The petitioners want additional tariffs ranging from 50 to 250% on imports from the above companies, effective immediately. According to SEIA, a new investigation into the AD/CV duties would immediately disrupt the U.S. supply of solar modules, as the three countries accounted for 59% of the country’s total supply of crystalline silicon solar module imports.

With no domestic silicon solar cell manufacturers, and domestic module manufacturing capacity at less than 8 GW, the United States is dependent on solar module imports to meet demand. The country is expected to install 30 GW of solar in 2022 and 32 GW in 2023. Without supply from Malaysia, Thailand and Vietnam, SEIA is predicting installs to fall to less than 26 GW in 2022 and 18 GW in 2023 — or a loss of 18 GW over the next two years.

One reason behind A-SMACC’s petition is that further tariffs would boost domestic manufacturing, but with the time and financial investments needed to start domestic cell production and grow module assembly capacity, installation numbers will suffer. And any drop in expected solar installations would put the country further behind in meeting the Biden Administration’s goal of 80% clean energy by 2030.

“Growing the U.S. solar supply chain is of critical importance,” said Abigail Ross Hopper, president and CEO of SEIA. “Long-term policy that drives solar demand and incentivizes a healthy manufacturing sector can drive a strong U.S. manufacturing renaissance. However, needless and harmful tariffs are not the solution.”

Imported solar panels are already being affected, with SEIA reporting that companies are being forced to use existing module inventory to make up for import shortfalls, which has raised the costs of projects by 4 to 20%. Some EPCs are already noticing module shortfalls.

George Hershman, president of Swinerton Renewable Energy, participated in today’s press conference. The country’s largest large-scale solar EPC employs about 3,000 employees nationwide and Hershman said all of those jobs are currently at risk.

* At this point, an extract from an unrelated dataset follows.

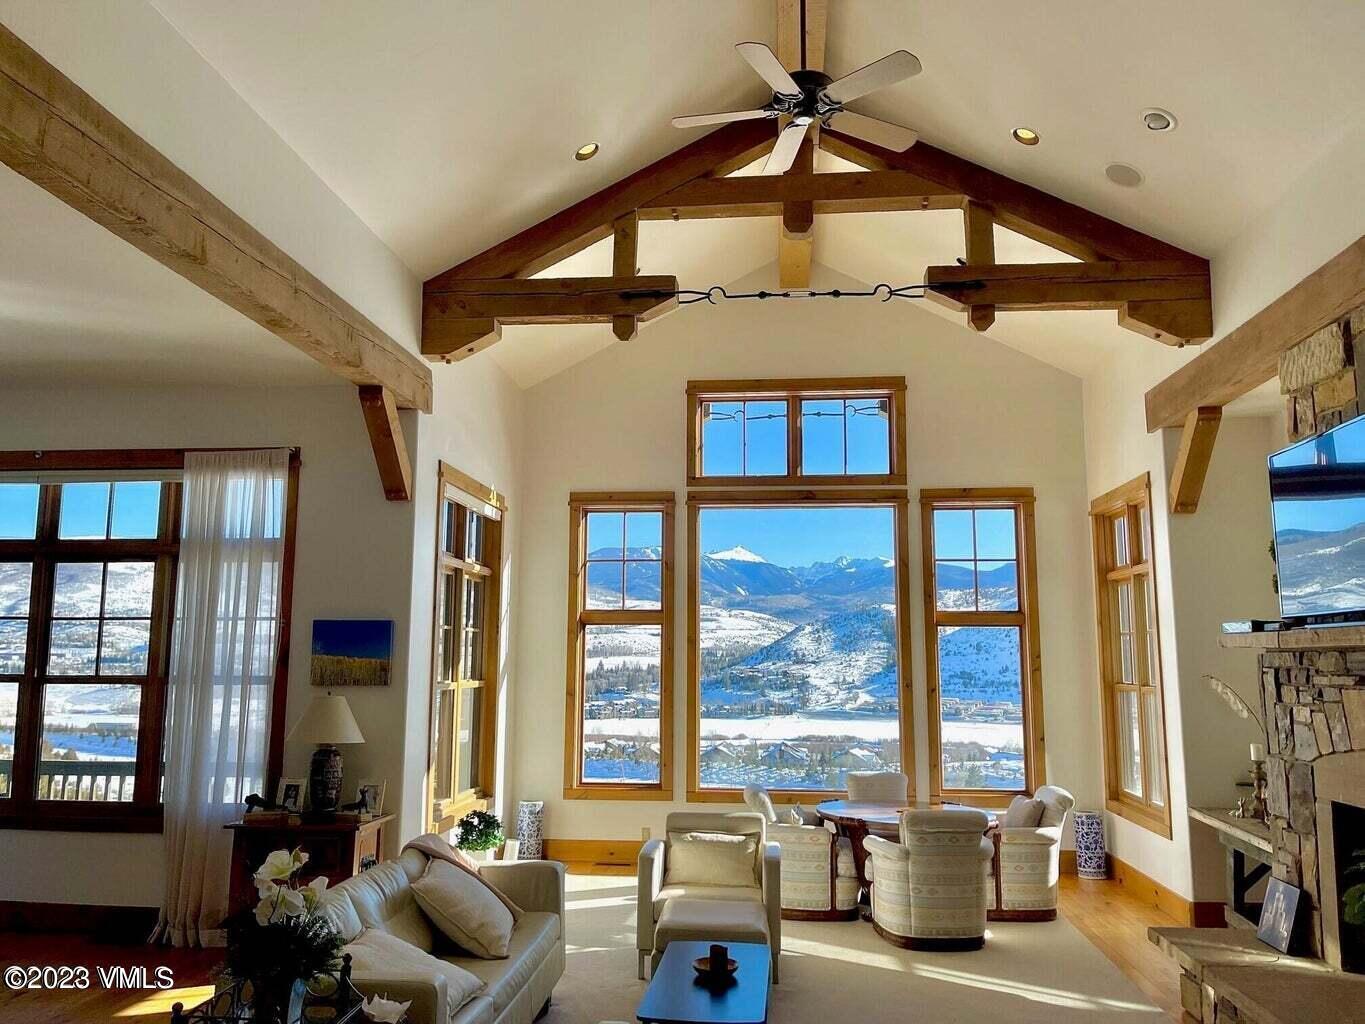 This Vail Valley, Colorado Rental is Exquisite

“Module deliveries to the U.S. have frozen. This isn’t something in the future. Just the submitting of this petition has essentially frozen the market,” he said. “We can’t get module manufacturers today to sign purchase orders that we need to deliver projects in the near-term because of the concern of whether there will be a 50 to 250% tariff when those modules hit the port. Nobody can take that cost risk, so it’s essentially stopping projects going forward.”

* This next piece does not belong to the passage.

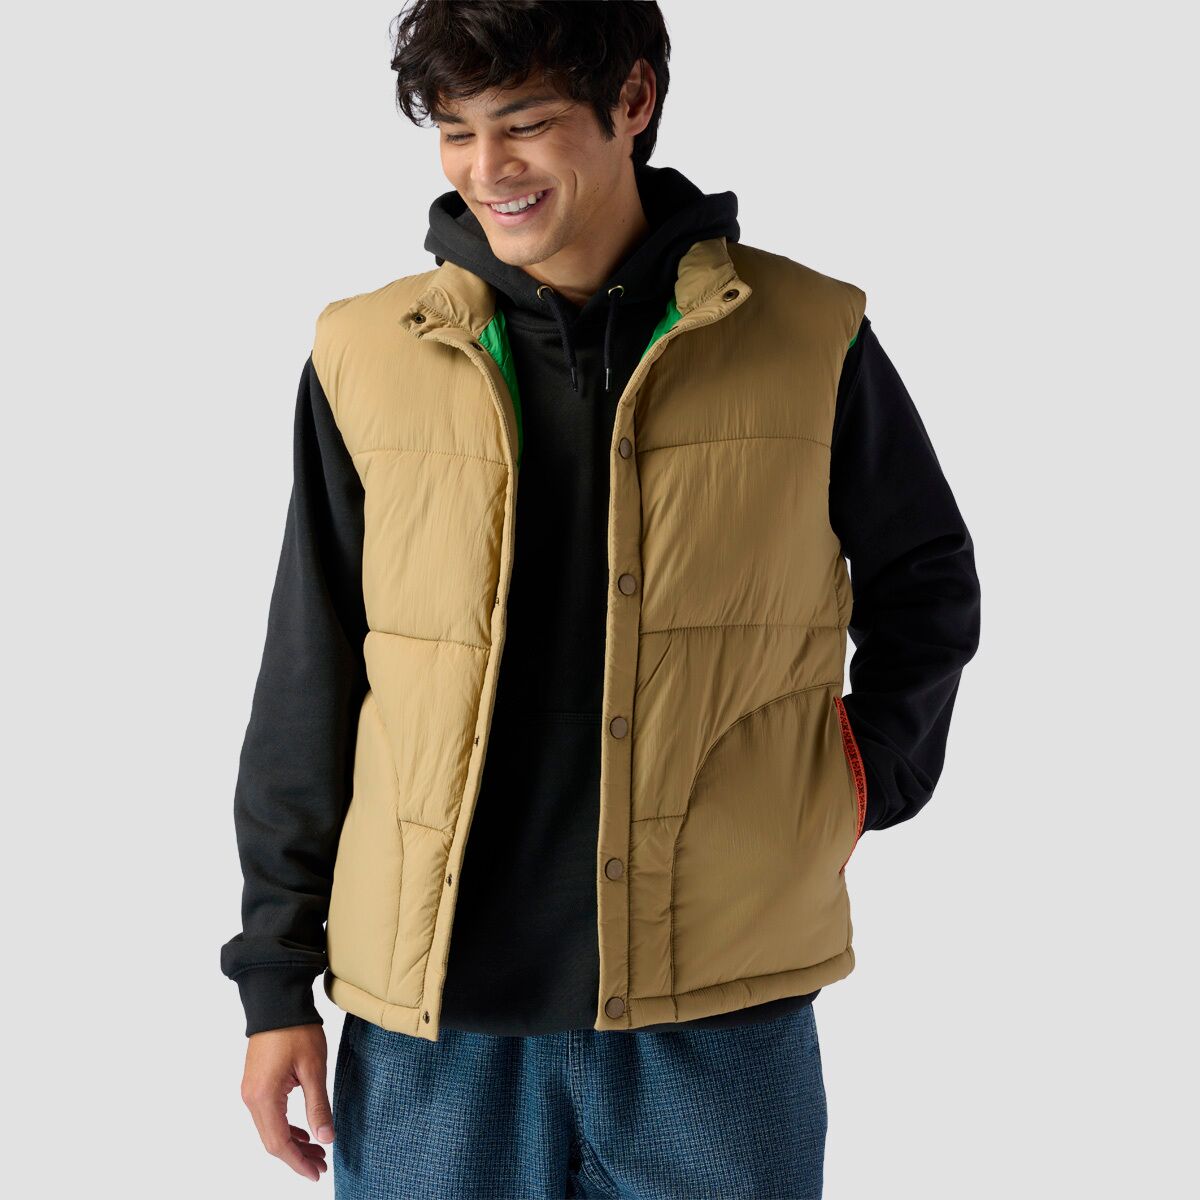 Stoic Synthetic Insulated Vest - Men's

Hershman stated that Swinerton is on contract for 4.5 GW of solar installations in 2022 and these tariffs have put “almost 100% of that work” at risk. “To say that this is a small issue or a nuanced issue is clearly an understatement. This has significant risk to our business and those thousands of employees. This is about whether or not we hire 3,000 or 4,000 employees to deploy the projects we have under contract or we start laying off employees in 30 days,” he said.

Ochoa stated that a current Wanzek project in Texas has already been delayed due to module companies preventing product shipments because of the effect of tariffs that could drop this week.

“[At the Texas project], two weeks ago, it was announced that modules are being five months delayed,” he said. “That’s hundreds of jobs. Those jobs have now been delayed for five months, and the potential for longer. When you kill projects, you kill jobs.”

Last week, 200 American solar companies sent a letter to Commerce Sec. Gina Raimondo outlining the impact these duties could have on the livelihoods of 231,000 U.S. solar workers and on the nation’s efforts to fight climate change. The signatories include manufacturers, developers, installers, financiers and service providers from across the solar supply chain. SEIA is asking the Dept. of Commerce to dismiss the petition.

The industry is expecting a decision from Commerce as early as Sept. 30.